The changes of singing technique, within opera, do not bother me as much as other people in this forum. I think Pavarotti did a lot for making opera a little more mainstream. I had fears opera will die away when I was little, and those fears have been put to rest at the time he was doing his big recitals, three tenors, singing at the sport stadions etc. Now those forgotten fears are back. Also, in my small country, the general quality of singing and singer selection improved in the generation after Peter Dvorský, because he was a little famous. I don't know, showbiznis is not always about the inherent eternal quality, but also about the perception of what is cool. Make opera cool somehow, more people will decide to be opera singers, and by a sheer statistical force, good voices will show up.
(I represent my opinion, not the one prevalent in this thread)


----------



## Woodduck (Mar 17, 2014)

Roger Knox said:


> That is more or less what I thought. We have two (and more) different practices in singing. People more knowledgeable than I can discuss the details. What we in North America need is a cultural stream that supports good opera singing. We don't have that now, it has been whittled away. If we are to have opera (and oratorio, orchestral song, classical sacred and secular music) we need to build up the type of singing that allows opera to survive and flourish. More later.


This makes me frown and sigh. I may have grown too pessimistic with age, but I can't help feeling that the world has simply moved on. Where it's moving _to,_ I tremble to think and can't make an intelligent guess, but I suspect it's inexorably away from a culture that nourishes the kind and quality of singing we hear now mainly by digging out our old records. 

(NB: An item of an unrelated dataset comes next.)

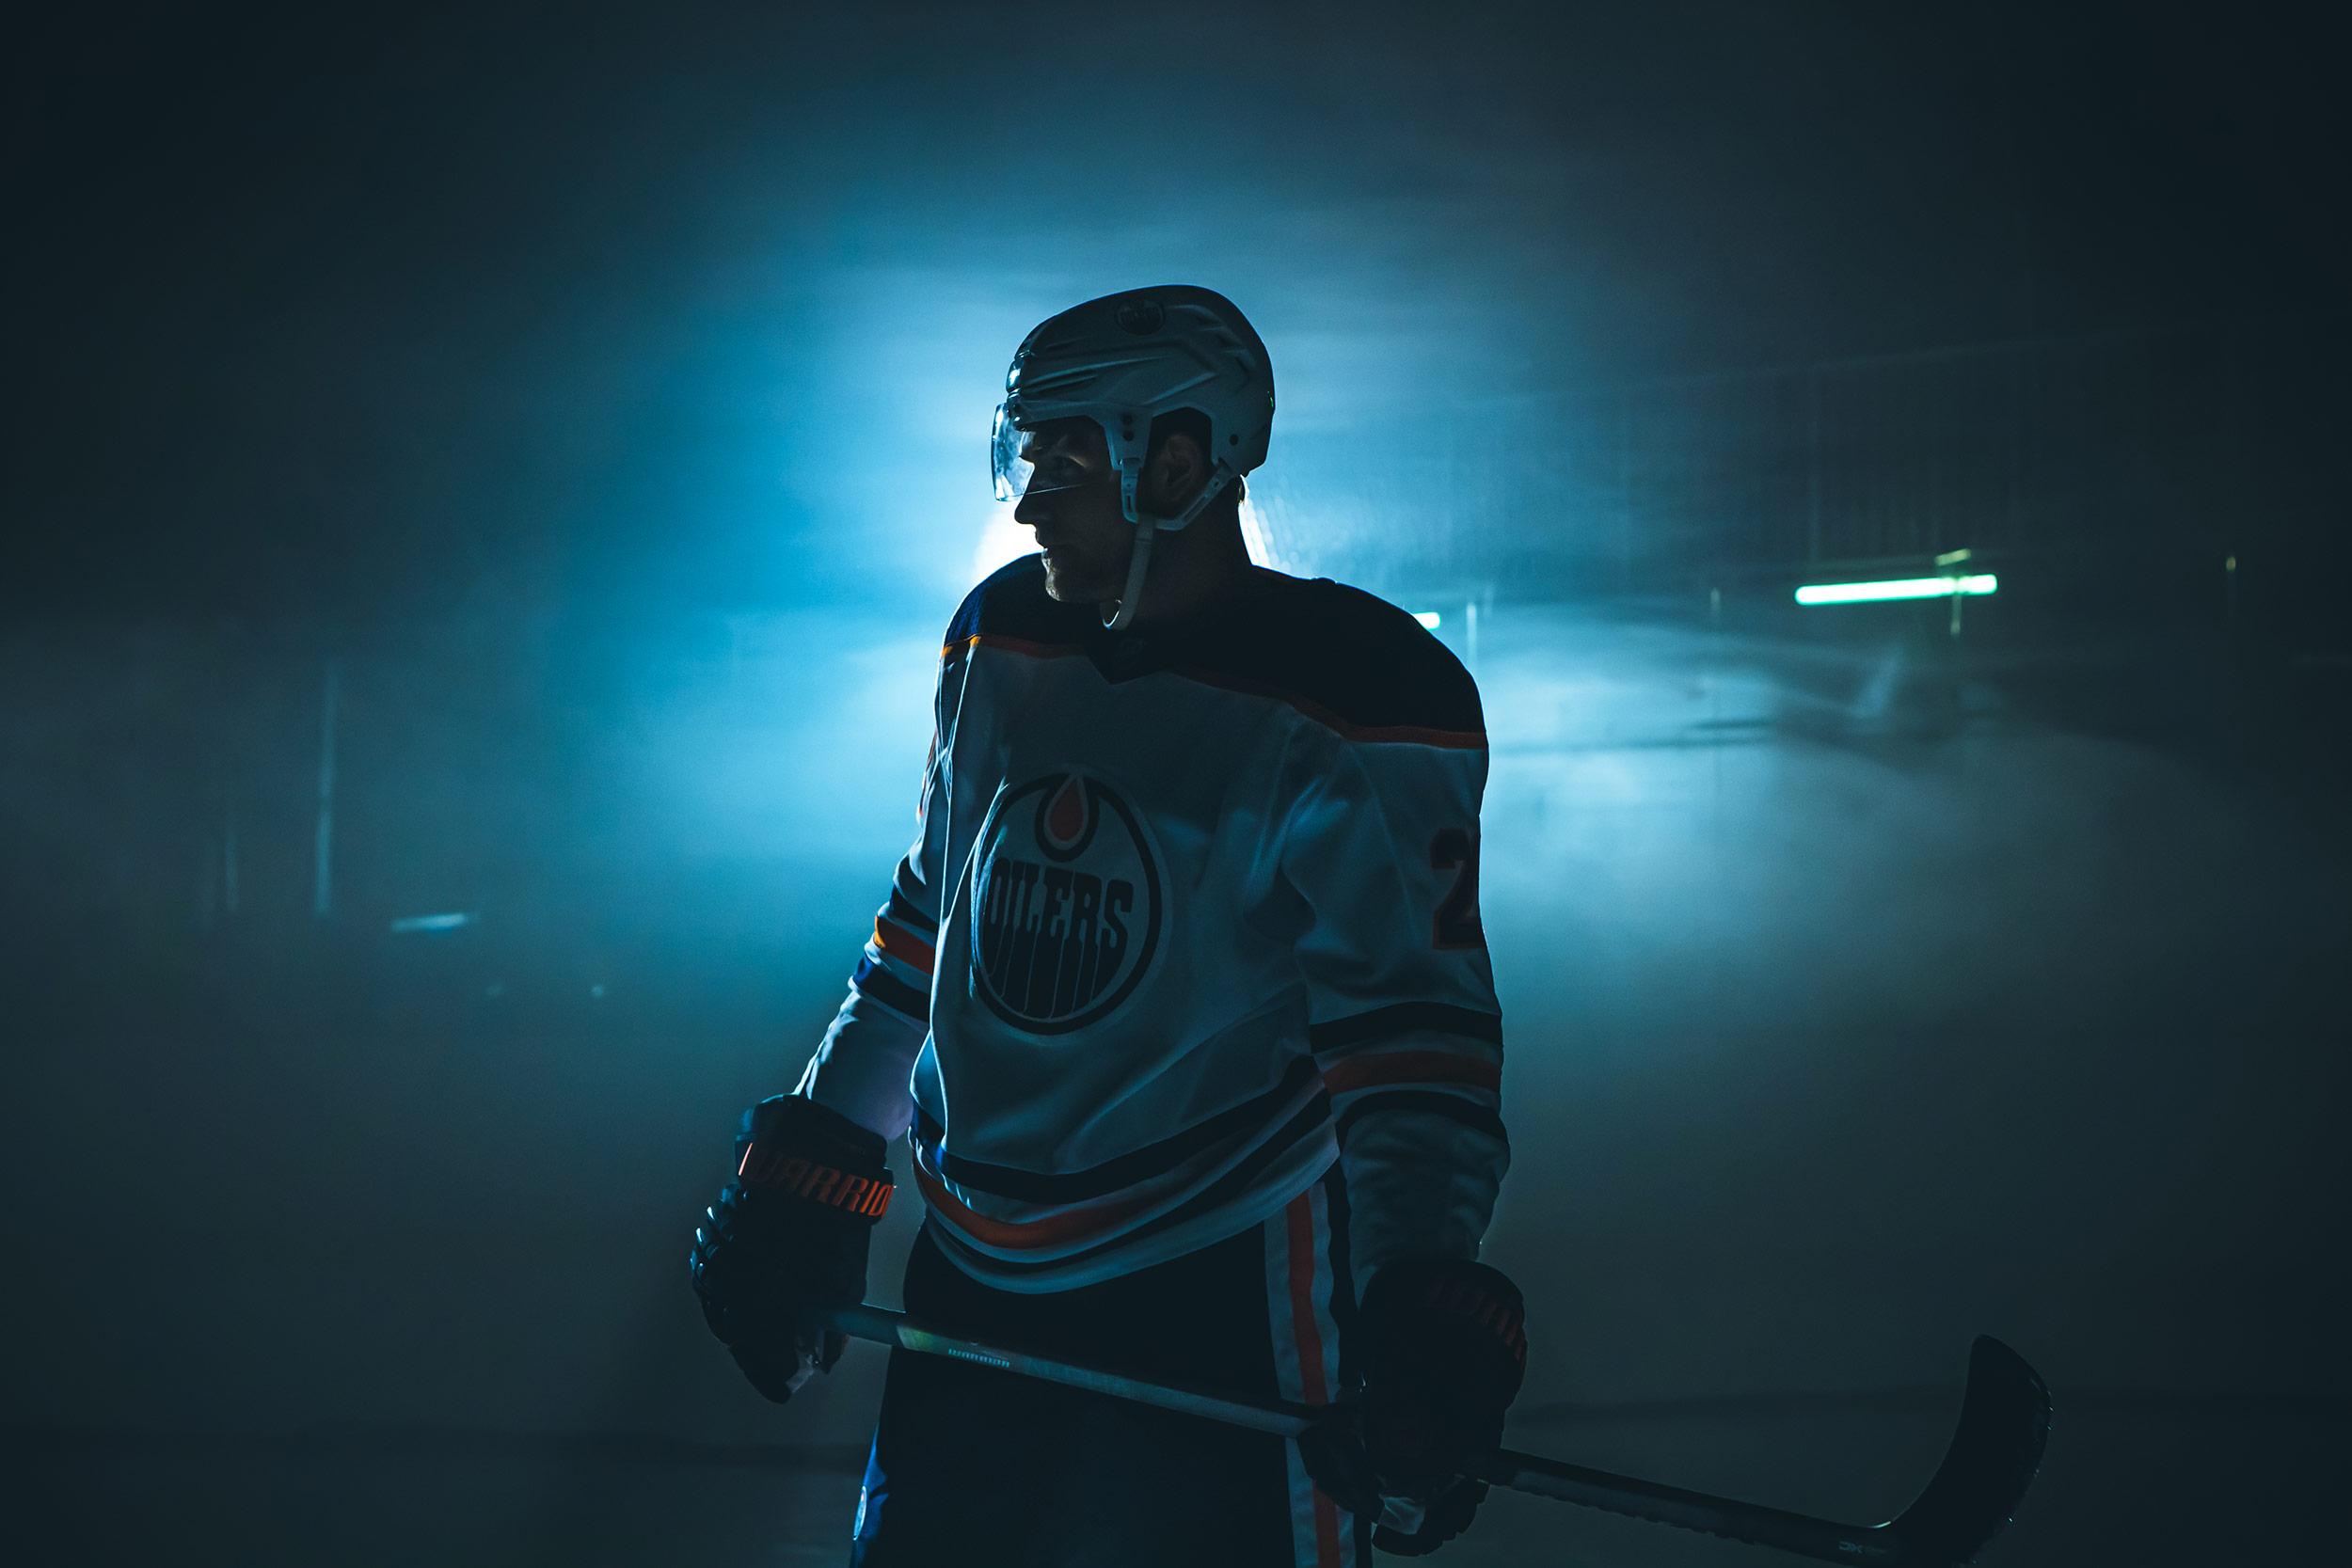 FAIR-FOLK-LEON-DRAISAITL-HOCKEY-NHL-1.jpg

Unlike previous eras, the 20th century created a great museum of world culture in which nothing is ever completely lost or forgotten, and in which many things from the past can be preserved or revived, more or less forever. But that isn't to say that they can be preserved intact. I'm always impressed, as I survey the recorded history of singing, with the changes, not only in technique but in style and sensibility, exhibited by vocal artists over the span of less than a century. But this shouldn't surprise us if we merely observe the immense changes in nearly every aspect of life which have occurred over the same period. Singing may seem to be a fairly basic sort of physical activity with right and wrong ways of doing things, but if we look around the world at the diverse ways in which people not only sing but speak, I think we'll realize that vocal production is strongly affected by culture and sensibility. _Singing_ a certain way entails _feeling_ a certain way, and the world feels much different now than it did in the days of Patti, Plançon, Caruso or even Callas. I don't know just how much this matters to the state of operatic singing, but I can't help thinking that it matters enough to make a full reclamation of the art unlikely. Nothing would delight me more than to be proven wrong.


----------



## Roger Knox (Jul 19, 2017)

Woodduck said:


> This makes me frown and sigh. I may have grown too pessimistic with age, but I can't help feeling that the world has simply moved on. Where it's moving _to,_ I tremble to think and can't make an intelligent guess, but I suspect it's inexorably away from a culture that nourishes the kind and quality of singing we hear now mainly by digging out our old records....


I think probably you are right. Rereading my previous post, I was being too idealistic about what can be or needs to be accomplished if we are to have good opera singing. Specifically, I was reacting to Seattleoperafan's description in Post #9 where miked singing of single arias pretends to be "opera singing." That won't do, and even as things change we still need now to have a clear, supportable idea of what an opera singer is and does.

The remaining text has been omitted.